Il Network per i diritti globali di Terra di Bari – Rete del sud ribelle, del quale fa parte, sin dalla sua nascita, l’Associazione marxista rivoluzionaria “Progetto comunista” di Bari, ha avuto il piacere di ospitare, in un incontro pubblico, i lavoratori della fabbrica argentina della Zanon, che dopo “il licenziamento” del padrone italiano Zanon, producono ceramiche di alta qualità, con salari e diritti uguali per tutti, con un sindacato senza burocrati, con un servizio d’ordine interno armato che vigila 24 ore su 24 contro gli attacchi dei fascisti e gli sgomberi della polizia.

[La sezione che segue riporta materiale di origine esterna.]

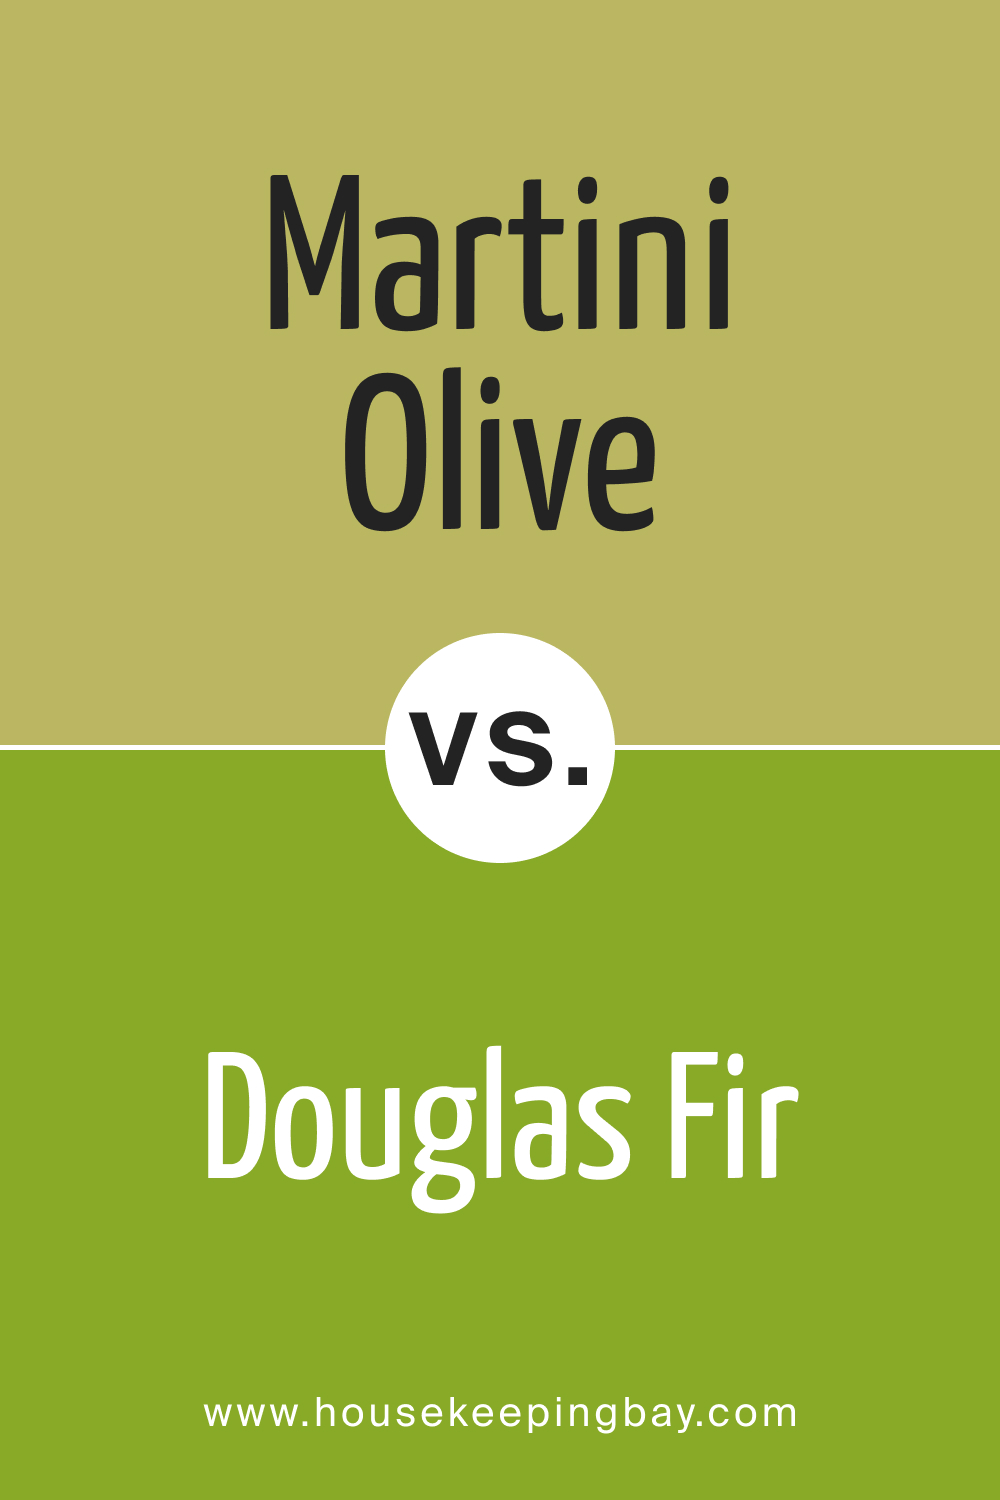 Martini Olive CSP-890 vs. BM 2028-20 Douglas Fir

Mariano e Natalio, i due rappresentanti della fabbrica Zanon venuti in Italia, oltre alla tappa di Barletta, ne hanno fatte altre venti in trenta giorni, girando in largo ed in lungo la penisola, incontrando i lavoratori FIAT di Termini Imerese, dando e ricevendo solidarietà di classe: "La clase obrera no entiende fronteras, las fronteras las pusieron los patrones para dividirnos - hanno detto - pero nosotros no la aceptamos. El enemigo es único y para combatirlo somos todos hermanos". Sono stati inoltre a Cosenza, partecipando alla grande manifestazione per chiedere la scarcerazione dei compagni arrestati e davanti al carcere di Trani con noi il giorno della scarcerazione dei compagni Stasi e Fonzino dei Cobas di Taranto.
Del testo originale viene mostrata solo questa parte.